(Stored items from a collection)
━━━

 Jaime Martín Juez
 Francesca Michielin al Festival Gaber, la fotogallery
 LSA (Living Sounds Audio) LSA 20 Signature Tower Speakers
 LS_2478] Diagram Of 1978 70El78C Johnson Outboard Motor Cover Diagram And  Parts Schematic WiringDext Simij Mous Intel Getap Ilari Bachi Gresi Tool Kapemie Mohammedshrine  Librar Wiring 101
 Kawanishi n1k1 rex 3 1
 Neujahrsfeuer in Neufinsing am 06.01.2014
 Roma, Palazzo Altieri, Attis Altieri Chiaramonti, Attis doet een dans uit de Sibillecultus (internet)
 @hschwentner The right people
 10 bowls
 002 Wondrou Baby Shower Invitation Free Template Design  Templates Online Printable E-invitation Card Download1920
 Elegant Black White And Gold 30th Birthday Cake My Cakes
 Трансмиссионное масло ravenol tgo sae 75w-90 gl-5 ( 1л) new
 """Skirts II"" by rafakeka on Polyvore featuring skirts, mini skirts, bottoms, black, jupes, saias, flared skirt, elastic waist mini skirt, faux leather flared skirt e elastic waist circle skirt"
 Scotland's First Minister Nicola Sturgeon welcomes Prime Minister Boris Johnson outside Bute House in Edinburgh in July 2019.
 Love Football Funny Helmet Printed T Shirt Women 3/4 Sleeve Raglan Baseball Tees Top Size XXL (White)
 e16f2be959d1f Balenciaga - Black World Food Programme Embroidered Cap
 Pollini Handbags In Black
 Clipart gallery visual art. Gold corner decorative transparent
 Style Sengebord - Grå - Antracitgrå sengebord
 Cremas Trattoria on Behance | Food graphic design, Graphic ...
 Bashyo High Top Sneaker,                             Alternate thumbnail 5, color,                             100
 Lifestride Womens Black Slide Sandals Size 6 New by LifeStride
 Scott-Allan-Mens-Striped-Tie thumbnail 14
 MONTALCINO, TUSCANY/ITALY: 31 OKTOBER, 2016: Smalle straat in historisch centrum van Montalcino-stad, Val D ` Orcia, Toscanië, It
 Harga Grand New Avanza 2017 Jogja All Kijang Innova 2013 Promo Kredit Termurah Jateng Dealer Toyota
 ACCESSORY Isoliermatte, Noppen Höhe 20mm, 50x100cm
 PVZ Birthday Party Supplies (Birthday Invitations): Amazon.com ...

━━━

Out of the data above, set down the lines from the one with "Scott-Allan-Mens-Striped-Tie thumbnail 14" to the one with "Harga Grand New", both included, exactly as written and with no additions.

 Scott-Allan-Mens-Striped-Tie thumbnail 14
 MONTALCINO, TUSCANY/ITALY: 31 OKTOBER, 2016: Smalle straat in historisch centrum van Montalcino-stad, Val D ` Orcia, Toscanië, It
 Harga Grand New Avanza 2017 Jogja All Kijang Innova 2013 Promo Kredit Termurah Jateng Dealer Toyota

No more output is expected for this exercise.